I was impressed with the playwright’s incorporation of classic quotations from other writers into her script. William Faulkner’s novel “Requiem for a Nun” provides a perfect example, "The past is never dead. It's not even past." This concept is particularly appropriate for a genre in which the past and the present are regularly merged by the appearance of a ghost from earlier days, once again demonstrating the power of this unique form of expression.

I had the opportunity to witness the post-performance discussion of the play by its participants and several Noh scholars who were in its audience. Noh theater is highly formalized; adapting it to a well-documented, classic American story raises numerous questions.

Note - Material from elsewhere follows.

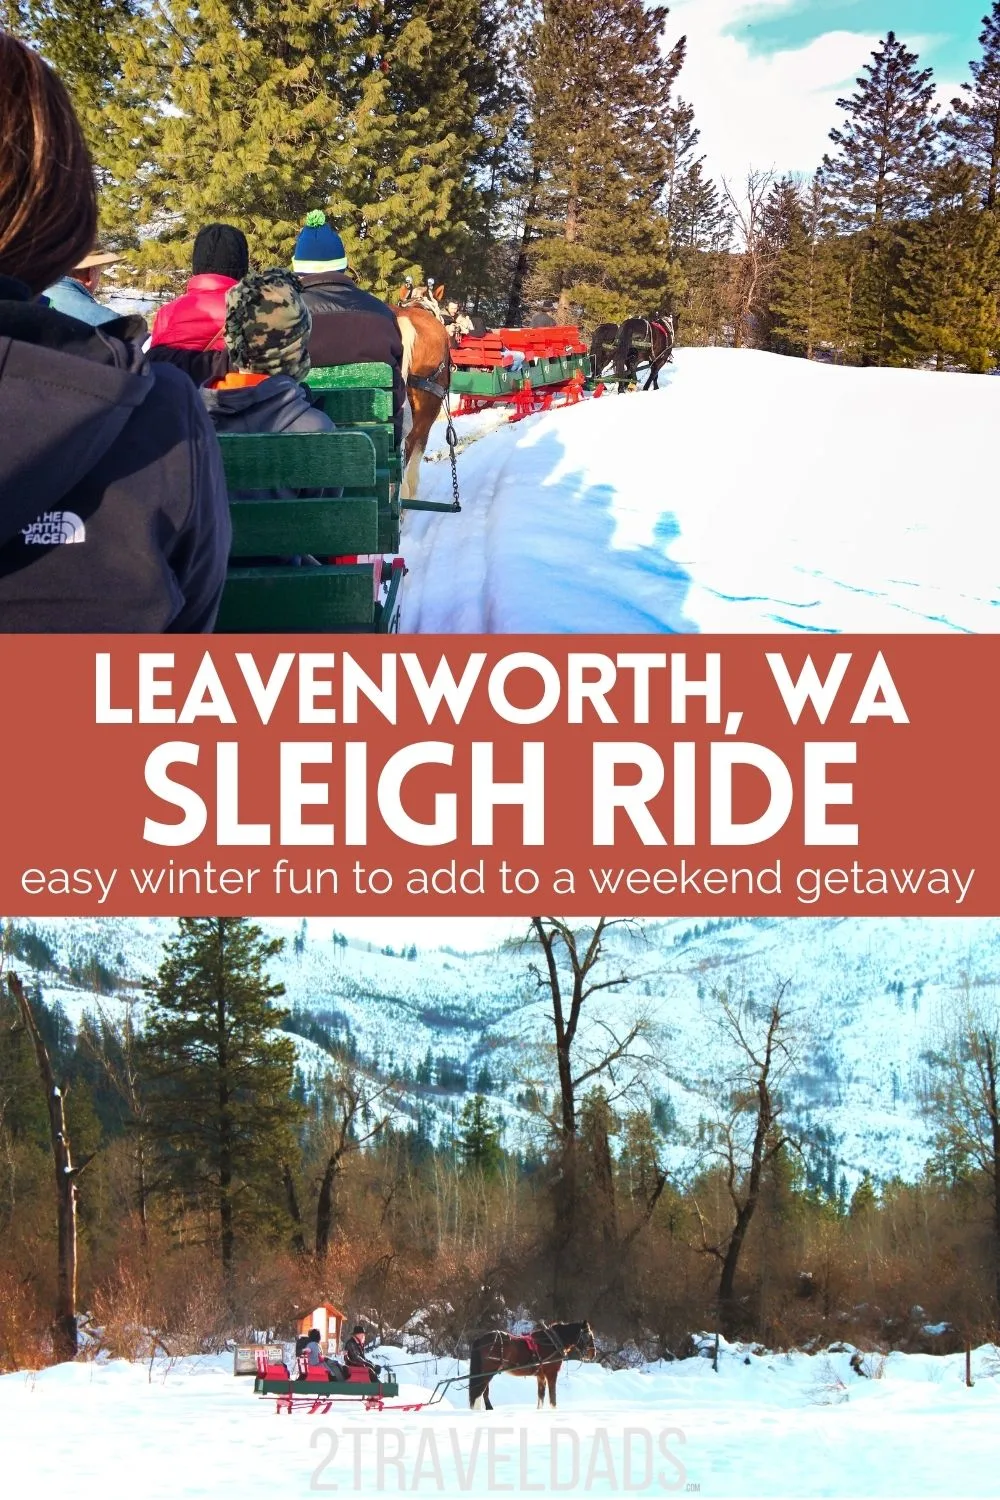 A sleigh ride is the perfect addition to a trip to Leavenworth, Washington. See what to expect and how to plan for getting out on the snow with kids during the Pacific Northwest winter.

The back wall of a Noh stage always has a standardized painting of a pine tree, “Yogo no matsu”, based on an actual tree at the Kasuga Shrine in Nara. For “Gettysburg” the producers chose a “witness tree” from Gettysburg as the backdrop and depicted it on three hanging scrolls (a triptych consisting of three kakejiku). Noh purists questioned this decision.

The actual tree depicted on the backdrop is a white oak at Devil’s Den that was already a mature tree in 1863; hence, a “witness tree”. The tree depiction is perfectly suitable for the play as presented. However, as a Civil War/Gettysburg purist (nit-picker?) I would have preferred a backdrop depicting the “copse of trees” that was the focal point for the Confederate assault and is very close to the spot where Armistead fell.

The traditional Noh stage is square with a gazebo-type roof supported by sturdy posts at each of its four corners. For this production the posts were represented by weathered fence posts of the kind that are everywhere in the Battlefield today. The traditional bridge entryway from the left was represented by a rustic split rail fence. Both modifications made sense to me, as they communicated well the Gettysburg environment.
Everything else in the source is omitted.